November 8, 2008

Mommy Moment #3

This one is going to be titled, 7 things I'd do differently if we had a second child.

#1 - Warning, this may be flameworthy for some. I was gung-ho about breastfeeding this time around. Unfortunately, Angelica was never able to properly latch on, so I switched to almost exclusive pumping/bottle feeding. Every time I fed her formula, I'd cry and cry over what a failure I felt I was and how much better she deserved. Thinking back on it now, the pumping took so much valuable time away from her during the early weeks...she was eating about once every 90 minutes, so it a cycle of feed (20 minutes), pump (20 minutes), clean and sterilize pump parts (15 minutes), rest 20 minutes (notice that totals about 80 minutes). I kept this up for three months, but my supply didn't keep up with her demand and we wound up supplementing. The day I quit was the best day I'd had up until that point. If I had to do it all over again, I'd formula feed from the start.

#2 - I'd take a longer maternity leave. This time, we weren't prepared for the fact that my short-term disability stopped paying after 4 weeks (and that was with having a c/section!). I had 3 weeks of sick/vacation time banked, so all I got was 7 weeks...4 of which were at 60% pay. If we ever had a second child, I'd know better and have a lot more saved so that I could take the full 7 weeks to be home.

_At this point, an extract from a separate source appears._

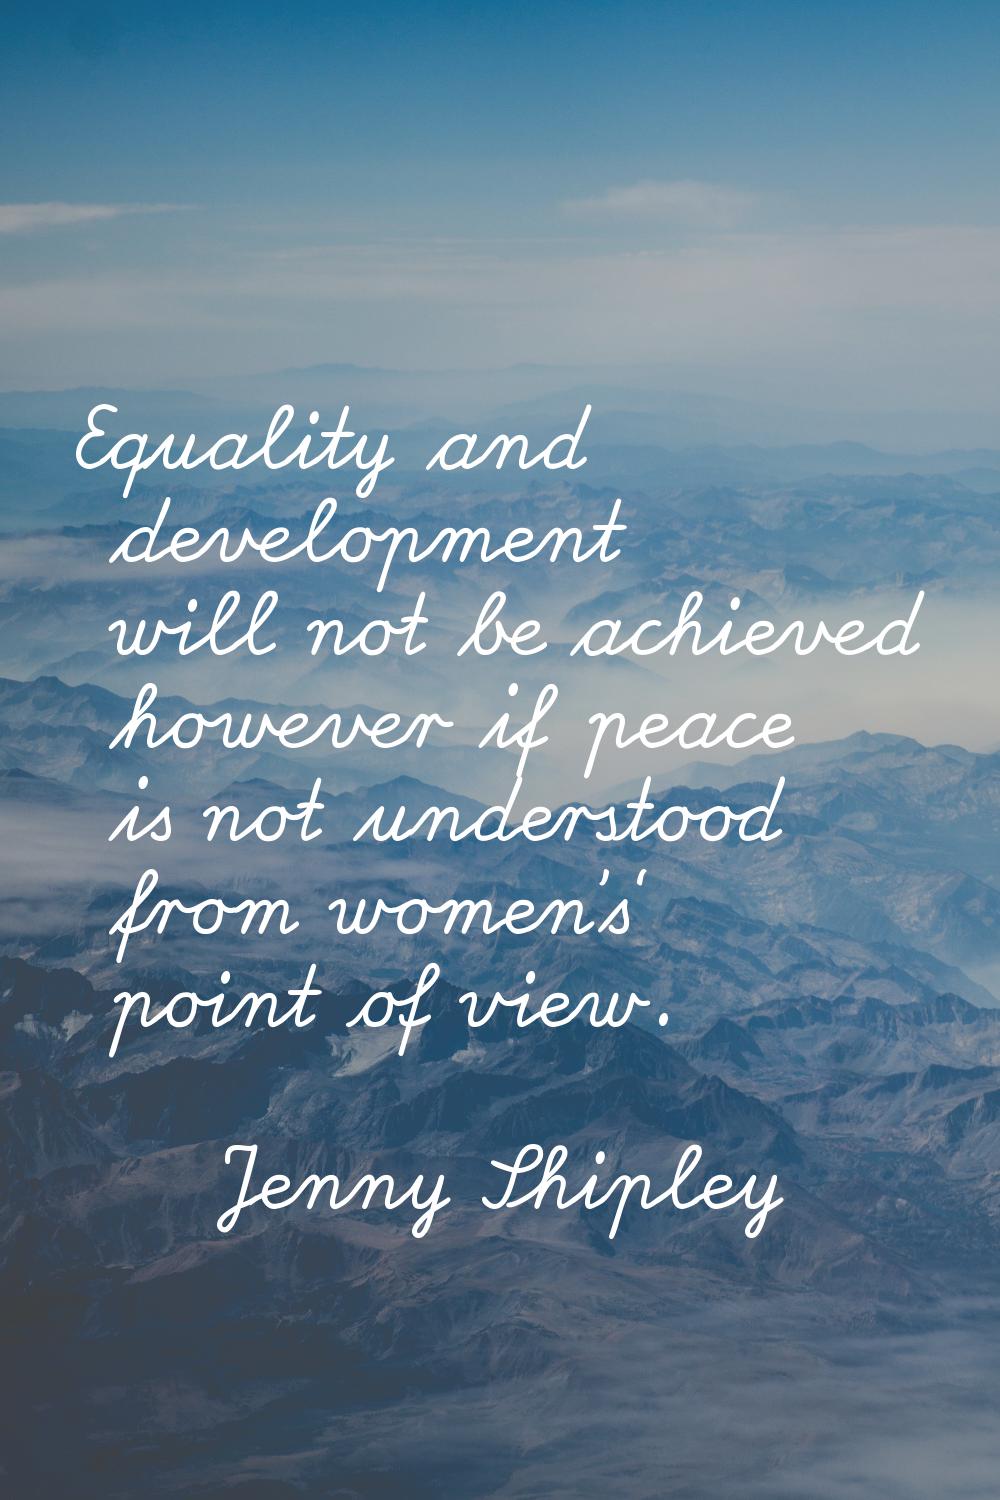 Equality and development will not be achieved however if peace is not understood from women's' poin

#3 - I'd take more video. I have three or four videos from Angelica's early days but as she grows and changes I wish I had more to look back on. I remember sitting with her in the early days thinking to myself, "Make sure you remember this" and just trying so hard to take it all in. In spite of this, I don't remember all that much. I guess that's part sleep deprivation and part nature.

#4 - I'd take better care of myself during pregnancy. The end of my pregnancy was HARD. I wasn't in good shape before getting pregnant, then things got out of hand with my blood pressure during pregnancy (which I still haven't recovered from), which put us both in jeopardy. If we were to ever have a second baby, I'd make sure to keep the weight gain in check and stay active.

#5 - I'd co-sleep. I so wish that I'd had one of those Arms Reach co-sleepers so that I could have her with me all the time. I was so opposed to co-sleeping before she was here, and now that she sleeps in her own bed every night, I miss her. We kept her in our room until about 3 months and then moved her to her own bed and it's sad.I can't just get up and peek at her, or bring her to bed when I get lonely for her anymore.

#6 - I'd read a lot less and listen a lot more. I tried so hard to expect things to be "by the book" and things to happen like they happened with my friends children and my nephew. Then colic hit. Then I realized that she is just a sensitive child. Then she started hitting milestones early but sleeping less (yes, we're still having sleep issues). Once I stopped "expecting" things to go one way and just start appreciating the events as they unfolded, I felt a lot better. Now I just use the book as a general reference...so I know when to really worry, like if she were to fall behind.

#7 - I'd worry less. I lost so much sleep for the first three months of her life in a frantic frenzy over SIDS...much the same way that I was frantic my entire first trimester over the possibility of miscarriage. The worries were unfounded. I did everything right. And she's still alive, and thriving.

Maybe I'll add more to this list later :)

1 comment:

Stefanie said...

I'm with you on the formula feeding. Now that I am not producing enough and pumping instead of nursing, it's miserable. It really isn't bad when you can nurse because it takes less time, less prep, and has less mess. A baby needs a happy mommy more than breastmilk IMO.

I would definately agree with a longer maternity leave because I love being home with the kids and hated it when I started school, and that was only 2 nights a week!

Can't really agree with the co-sleeping. It has a huge price in that she might end up not being able to nap or sleep on her own, so you end up with a 3 year old insisting on sleeping with you. But that's my feelings on it, and I do value instilling independance at a young age.

And I definately agree that not reading so much is wise. I prefer to just use intuition and ask people who have been there when I need advice (or do a little reading on the specific subject).

Don't know what's going on with her sleep though, I've only ever had a touch of that with my kids, but then again they have been way too good to me. I must be in for one hell of a ride at adolescence!!!!